Alumni Public Service Award
IN 2021, MARINA LEGREE MC/MPA 2014 led the effort to evacuate more than 100 people from Afghanistan after the country fell to the Taliban. The regime change prompted extraordinary changes at Ascend, the NGO founded by Marina that uses mountaineering and athletics to empower young women with self-confidence and leadership skills.
Under the restored Taliban regime, Marina’s staff and participants were in peril. Marina led her team to evacuate these individuals and, in some cases, their families. The effort was immense, enlisting help from around the world, including Marina’s friends in the HKS alumni network. Marina coordinated efforts among the Harvard community and helped to secure visas from countries including Chile, the United States, Poland, and Kazakhstan. The effort had helped secure safe passage for 135 people.

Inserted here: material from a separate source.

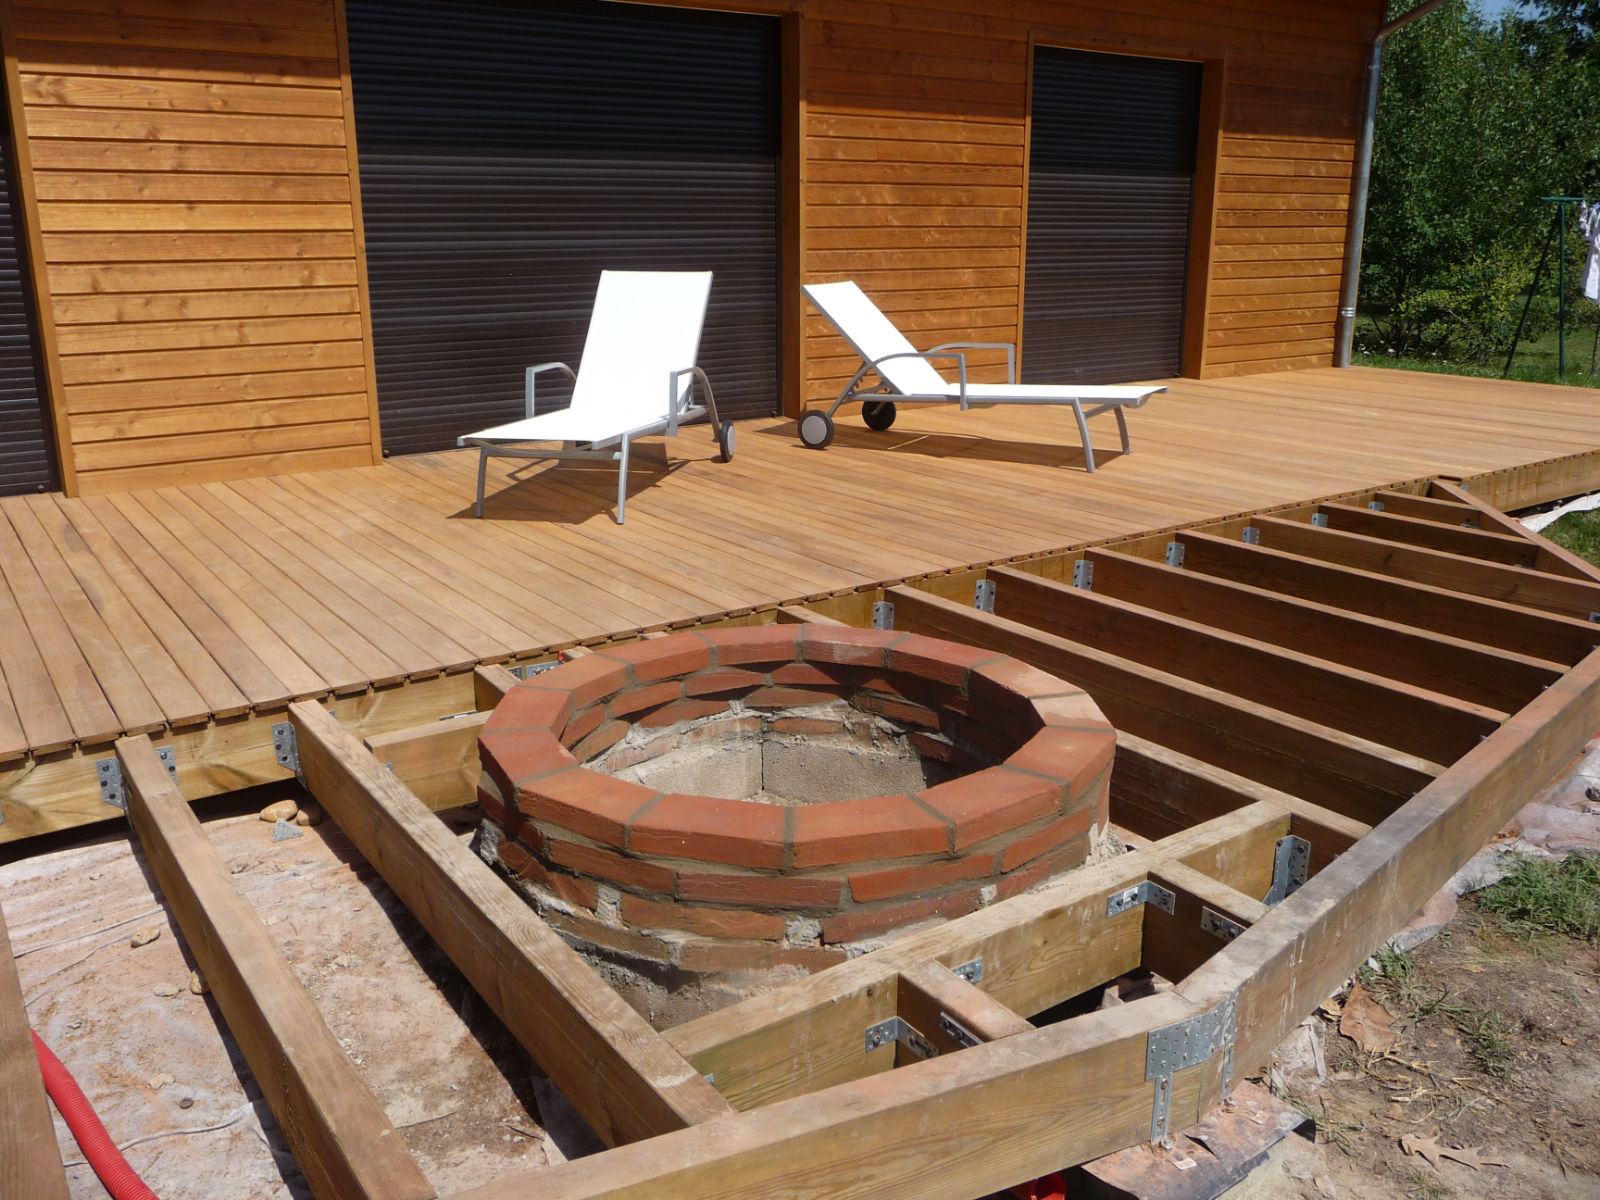 construction d 39 une terrasse en bois. Black Bedroom Furniture Sets. Home Design Ideas

Working to relocate them, Marina says, “has been the dead opposite of everything I’ve ever stood for in Afghanistan: strengthen communities; create change. I never wanted to be a pipeline for people to leave.”
Marina’s relationship with Afghanistan began after she earned her master’s in international affairs from George Washington University. Working first for the United Nations’ International Organization for Migration, then for the German aid agency GIZ, Marina was stationed in Faizabad, the provincial capital and largest city in the remote, mountainous northern province of Badakhshan.
“I was living like Afghans live, which for a woman means you can’t go outside, and which means you don’t get to move physically,” she says. “You cannot move as a woman—everyone will stare at you. You can’t go outside without judgmental eyes on you, and it’s suffocating. That part of the experience was awful.”
She later worked for NATO and the U.S. government, providing support to troops and civilian personnel doing stabilization work in local communities as part of the anti-insurgency effort. As her work and the occupation wore on, she was also increasingly disheartened by the level of corruption she observed in both the Afghan government and the U.S. occupation effort.
Seeking a way to reset her career, she attended HKS where she developed the idea for Ascend.
“I really needed that new peer group,” Marina says. “I wanted to surround myself with people who had done different things and who inspired me and who would have different viewpoints, and that’s what I got. I had an incredible class full of people who are friends for life and the people who really helped me start Ascend.”
Since launching in 2015, 20 to 30 girls in Afghanistan participated and graduated annually from Ascend. In 2018, Hanifa Yousoufi, an Ascend team member, became the first Afghan woman to climb the country’s highest peak, the 24,580-foot Noshaq. Ascend grew tremendously in 2021 and was able to accept 75 girls and open the first sports center for women in Kabul.
While the Afghanistan program is on hold, Marina says, “We’re keeping our foothold there because the Taliban haven’t really said much about who’s going to be allowed to do what. We can do female-only instruction in the space that we have, and we can also deliver instruction via cell phones—which we’ve gotten pretty good at during COVID anyway.” The mountaineering program will expand to one or two new countries; site selection is underway.